Caractères
Il faut (re)lire George Orwell ou Alfred Jarry pour empêcher la machine à décerveler de tourner à plein régime

La post-vérité fait le bonheur des libraires. Il paraît qu’aux Etats-Unis, on ne jure plus que par 1984 de Georges Orwell. Il faut relire ses livres, tous disent le pouvoir et le démasquent avec force. Mais voici deux autres pistes de lecture en cette période d’outrances politiques et de carnaval.
Le Complot contre l’Amérique de Philip Roth (2004), où l’écrivain américain imagine dans une uchronie fascinante, l’élection à la présidence des Etats-Uni, de l’aviateur Charles Lindbergh, premier à relier en solitaire New York à Paris en 1927. Le beau pilote est un sympathisant d’Hitler, décoré par les Nazis. Il aurait pu, imagine Philip Roth, être tenté d'utiliser l’immense popularité que lui a valu son exploit, pour se faire élire contre Franklin Roosevelt en 1940, après une campagne aux relents violemment antisémites et portée par des idées isolationnistes.
Doute et angoisse
Philippe Roth décrit un pays sens dessus dessous, des alliances internationales qui valsent et des portions entières de la population américaine plongées dans le doute et l’angoisse. «Notre patrie, c'était l'Amérique. Et puis les républicains investirent Lindbergh, et tout changea».
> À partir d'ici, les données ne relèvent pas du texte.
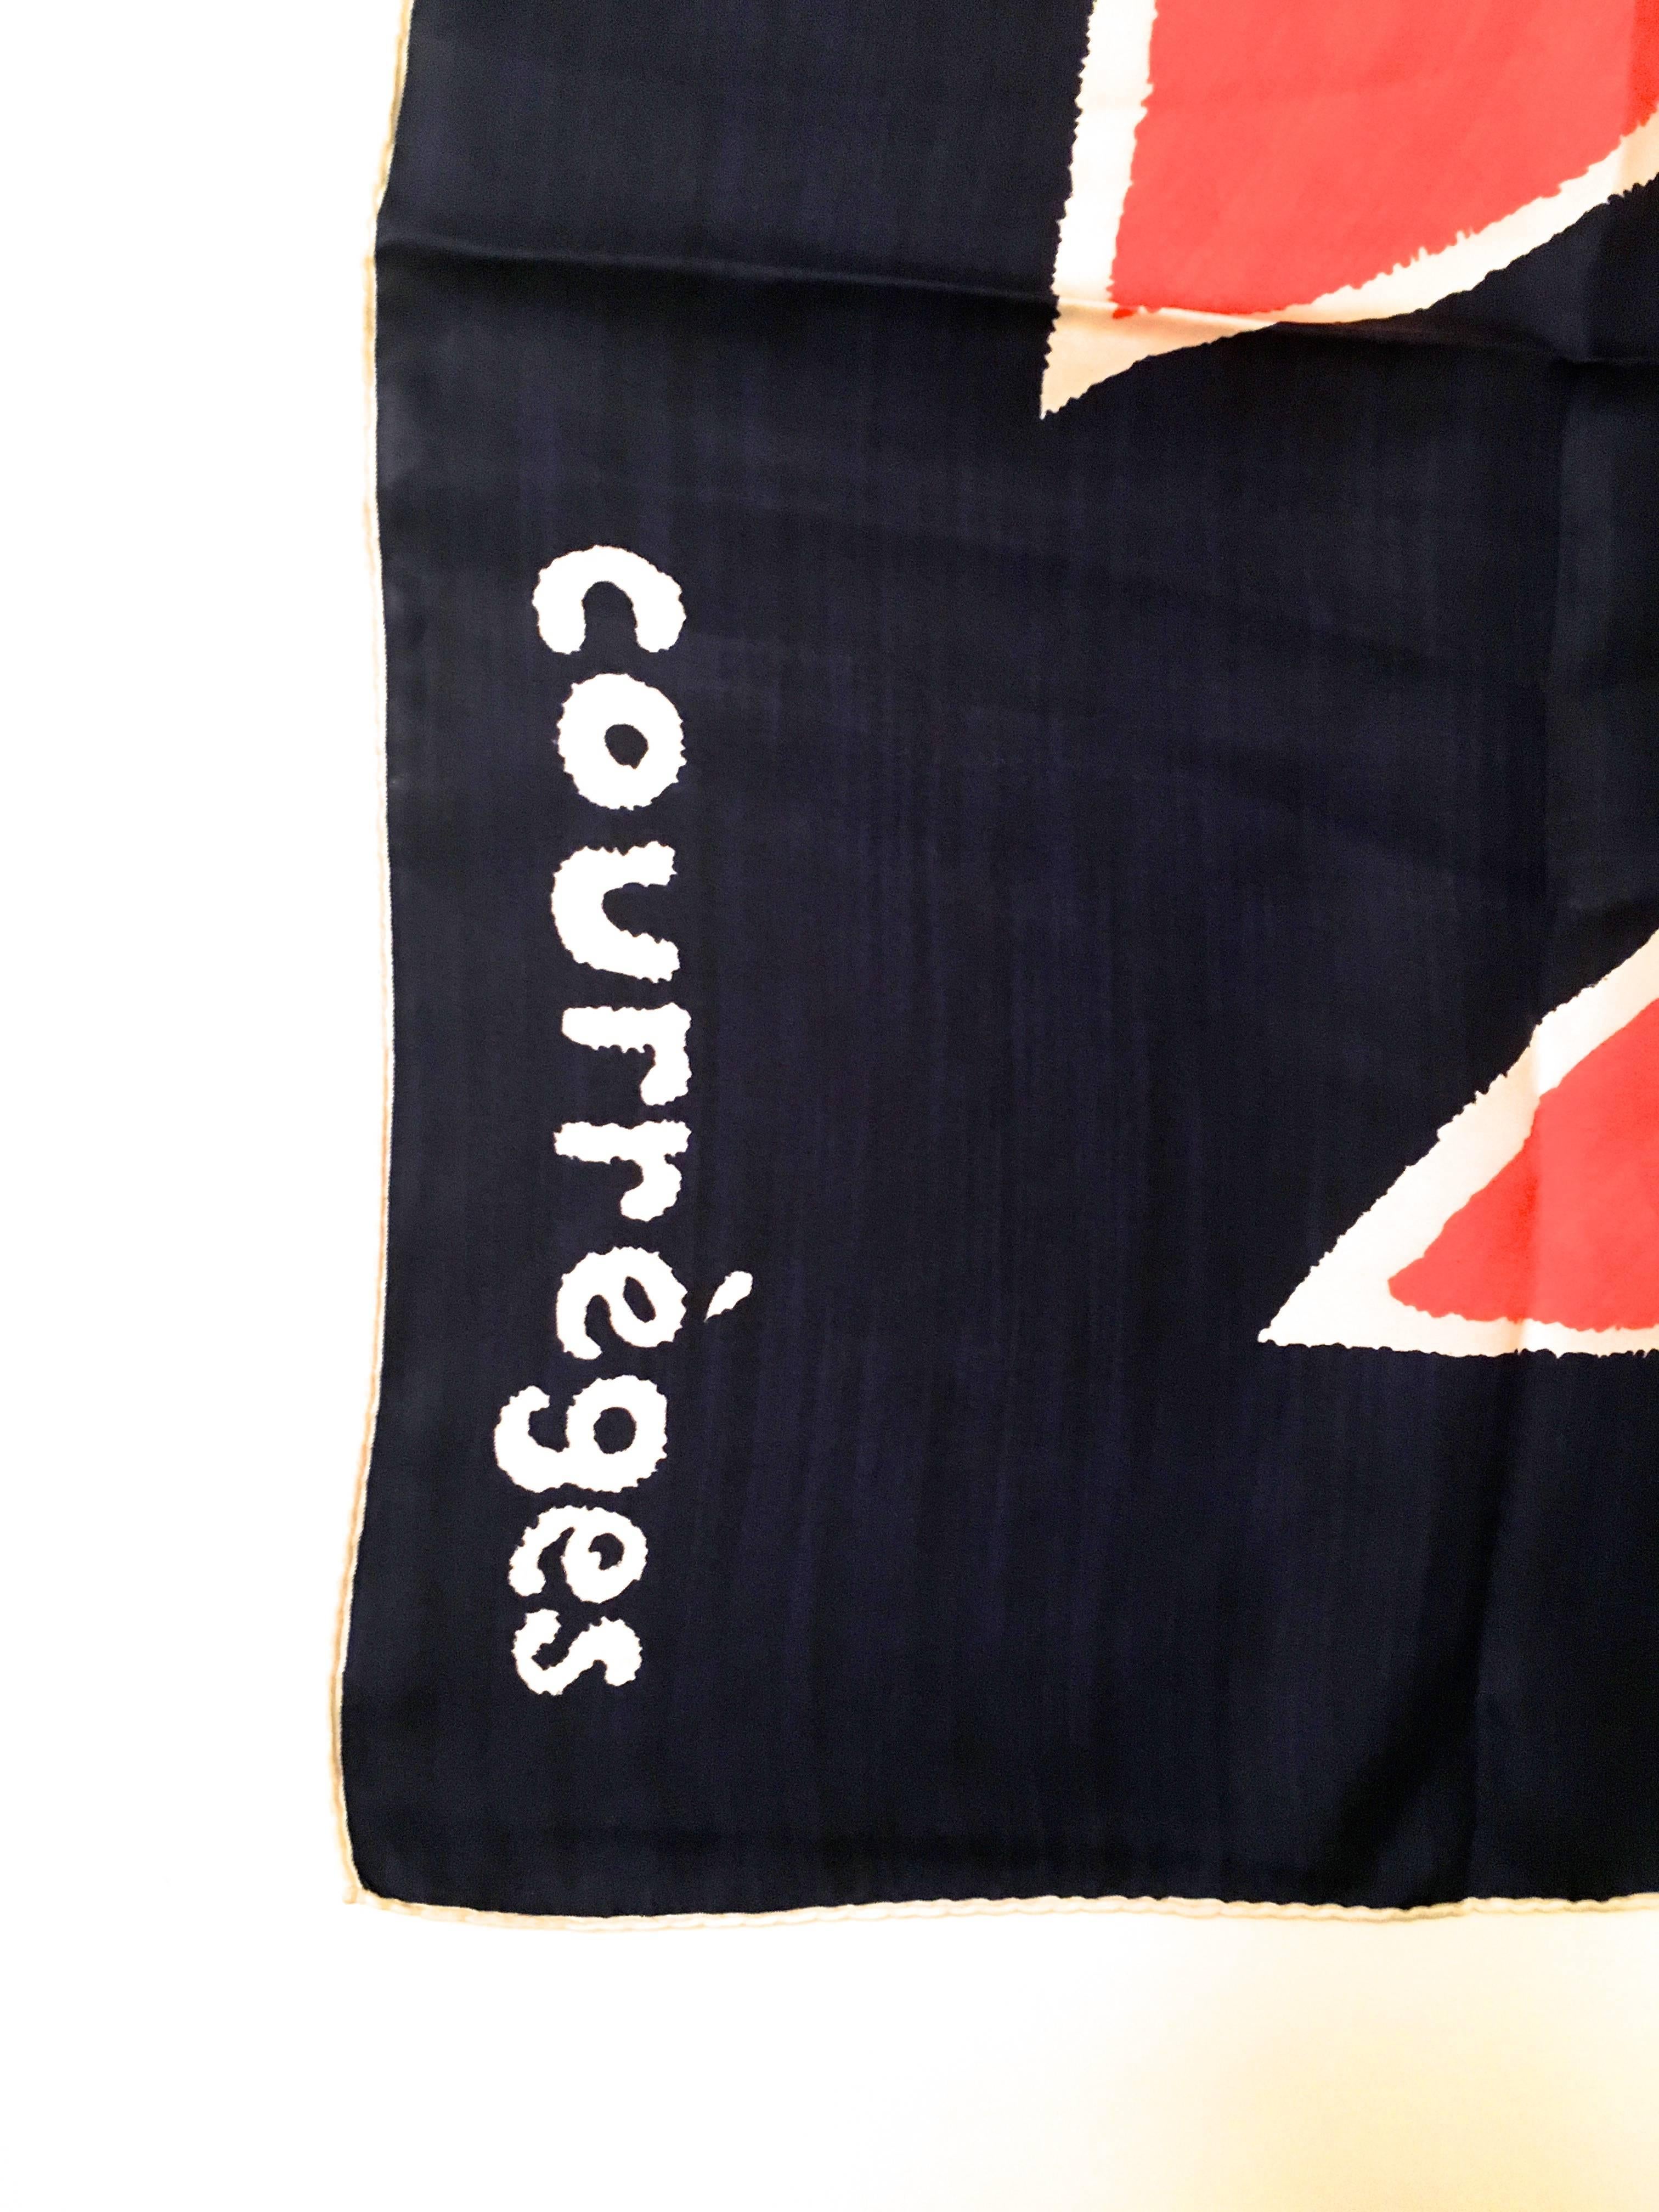 Presented here is a beautiful scarf from Courreges. This beautiful silk scarf is comprised of an abstract design of varying shapes in orange against a solid blue background. The scarf is signed Courreges Paris in the design with the iconic Courreges

«O Bougrelas! Quand je me rappelle combien nous étions heureux avant l’arrivée de ce Père Ubu! Mais maintenant, hélas! tout est changé!» Les exploits d’Ubu Roi (1900) imaginé par Alfred Jarry donnent une version grotesque, folle et inquiétante, des actes potentiels des potentats de tout poil. Le père Ubu, figure burlesque inspirée notamment par Macbeth, assassine le roi Vanceslas de Pologne et prend sa place. Devenu roi, il déclare: «J'ai l'honneur de vous annoncer que pour enrichir le royaume je vais faire périr tous les Nobles et prendre leurs biens».
Au peuple qui l’acclame il lance: «Ça ne m'amusait guère de vous donner de l'argent, mais vous savez, c'est la Mère Ubu qui a voulu. Au moins, promettez-moi de bien payer les impôts.» L’histoire finit mal. Quelques batailles plus tard, on retrouve un Ubu, détrôné et battu, mais prêt à relancer ailleurs la machine à décerveler: «Voyez, voyez la machin’ tourner / Voyez, voyez la cervell’ sauter, /Voyez, voyez les Rentiers trembler; / Hourra, cornes-au-cul, vive le Père Ubu!»
Lire Orwell, Roth et Jarry ne change rien au réel. Mais leurs livres rattachent les temps présents à l’histoire humaine, à notre part poétique, à notre part obscure, au carnaval, au théâtre et au rire. Et, surtout, ils empêchent la machine à décerveler de tourner à plein régime.